10-M: Divertido viaje turístico-musical por el mundo, con la Banda municipal de Música de Badajoz

Por El Avisador - 12 de Marzo, 2013, 19:53, Categoría: General

De muy entretenido, turístico-musical cien por cien, tengo que calificar el concierto que dio la Banda municipal de Música de Badajoz el pasado domingo, con Vicente Soler Solano a los mandos, titulado Un Viaje por el Mundo, organizado conjuntamente por las concejalías de Servicios Sociales y de Cultura del Ayuntamiento de Badajoz. Con un López de Ayala totalmente abarrotado, abundando los Mayores, que llenaron el coliseo pacense como media hora antes del comienzo del "viaje". En un "airbús" de dos pisos, llenito hasta la bandera, que, con salida (y posterior llegada) del "aeropuerto" Adelardo López de Ayala, recorrió medio mundo en su vuelo transoceánico BA-100313, con el "comandante" y la "tripulación" en estado de gracia, obsequiando al respetable con una veintena de temas breves y pegadizos, entre clásicos y modernos, folklóricos y cinematográficos, conocidos muchos de ellos, alusivos a los países por donde se pasaba, para satisfacción y contento del distinguido público, que se lo pasó de miedo, sin marearse ningún pasajero ni nada. Y entre el pasaje, bien peripuestas para la ocasión, dos distinguidas "azafatas", las concejalas María del Rosario Gómez de la Peña y Paloma Morcillo, que trataron con cortesías mil a los pasajeros que se les acercaron. Y como "azafato" tres estrellas, de tiros largos el caballero, con su pajarita de los grandes eventos, el presentador y comentarista Emilio González Barroso, en la mejor actuación que le conocemos, interviniendo, incluso, en un momento del viaje, con su acordeón, a ruegos del "piloto" vicentiano y de la "tripulación". También hubo algunos sucesos durante el "gira", pero no adelantemos acontecimientos.

RUTA I
Al fondo, el escenario lucía una gran pantalla, donde, en total concordancia con las músicas, fueron proyectándose una serie de atractivos vídeos en colorines, con estampas bellísimas de los principales lugares, rincones, monumentos, usos y costumbres de los países visitados.
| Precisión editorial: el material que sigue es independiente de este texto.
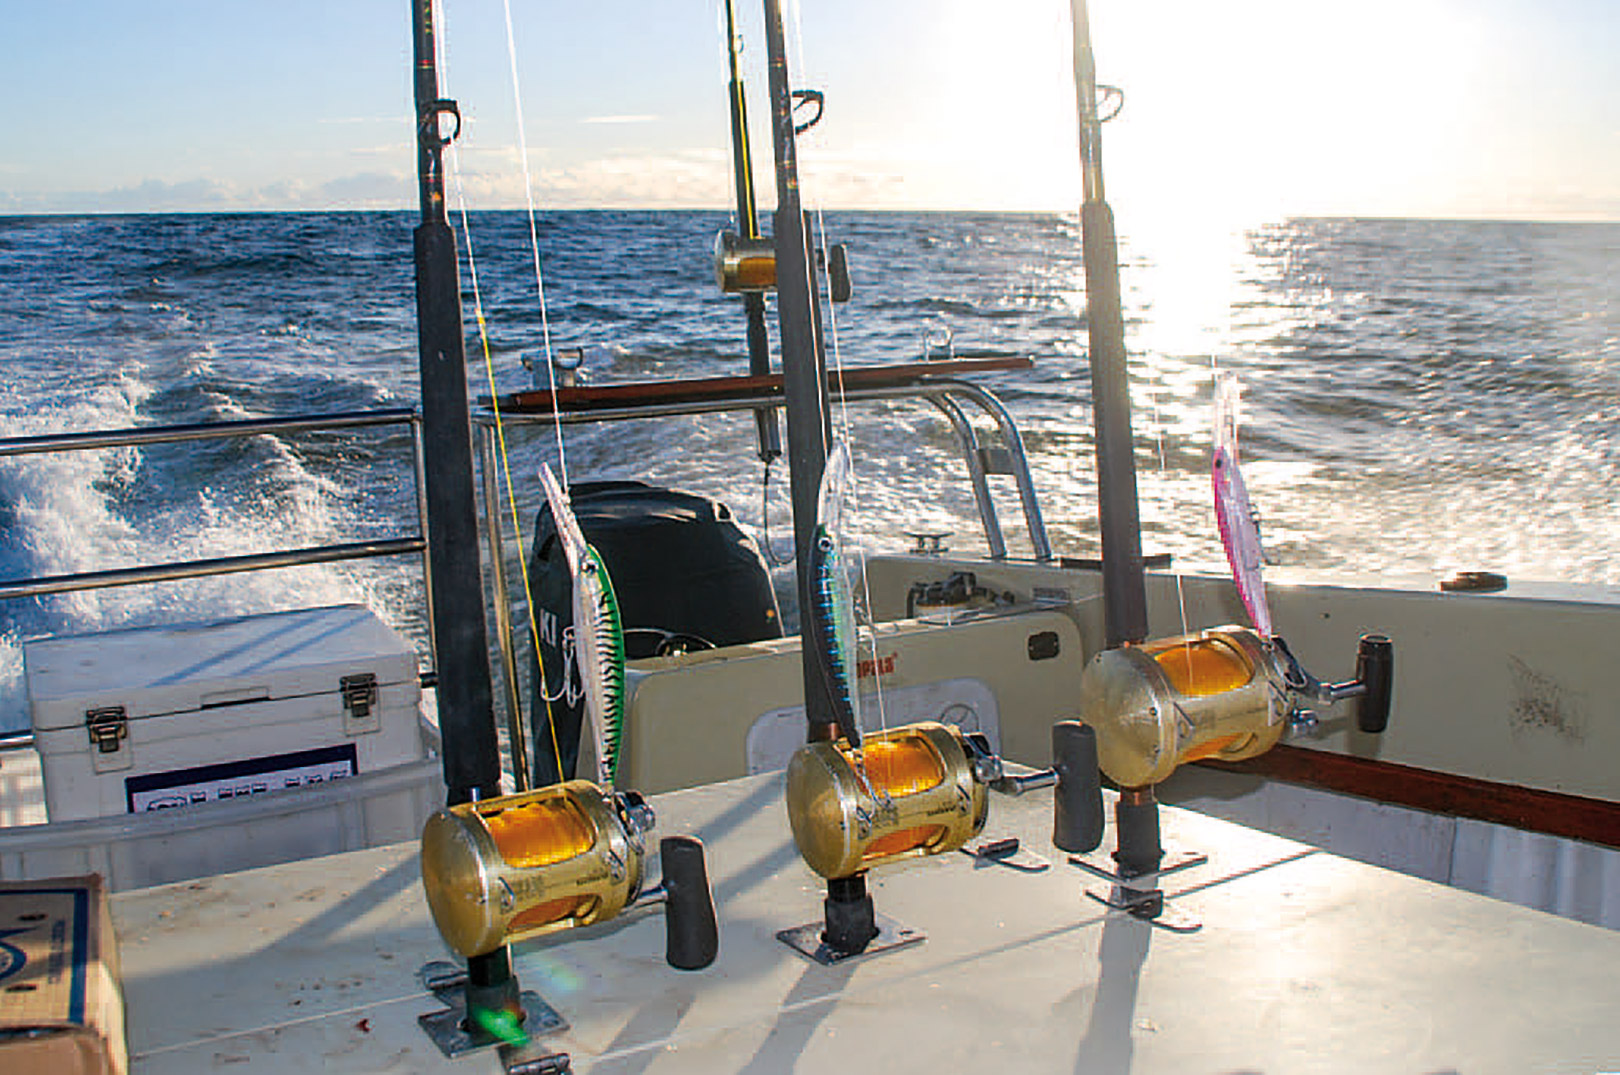 Fiskeri efter yellowfin tuna

Un lujo para la vista, sí señor. Montaje y visionado que estuvieron a cargo de los "fontaneros" de la Banda, en este "viaje", los flautistas Jesús Ramos y Javier Barco, situados tras las bambalinas, que recibieron un apretado aplauso al final por su excelente trabajo. En la primera parte, el "airbús" con todo el equipo recorrió Austria (a los sones de "La Viuda Alegre", de Franz Lehar), Alemania ("El Barrilito de Cerveza", de Jaromir Vejvoda), Inglaterra ("Pompa y Circunstancia. Marcha Nº 1", de Edward Elgar), Grecia ("Zorba el Griego", de Mikis Theodorakis), Francia ("Los Cuentos de Hoffmann (Barcarola), de Jacques Offenbach), Portugal ("Lisboa", de Raul Ortela), Italia ("Amarcord", de Nino Rota), Marruecos ("Casablanca", de Max Steiner) y Rusia ("Paseando por Rusia", de Roland Kerner).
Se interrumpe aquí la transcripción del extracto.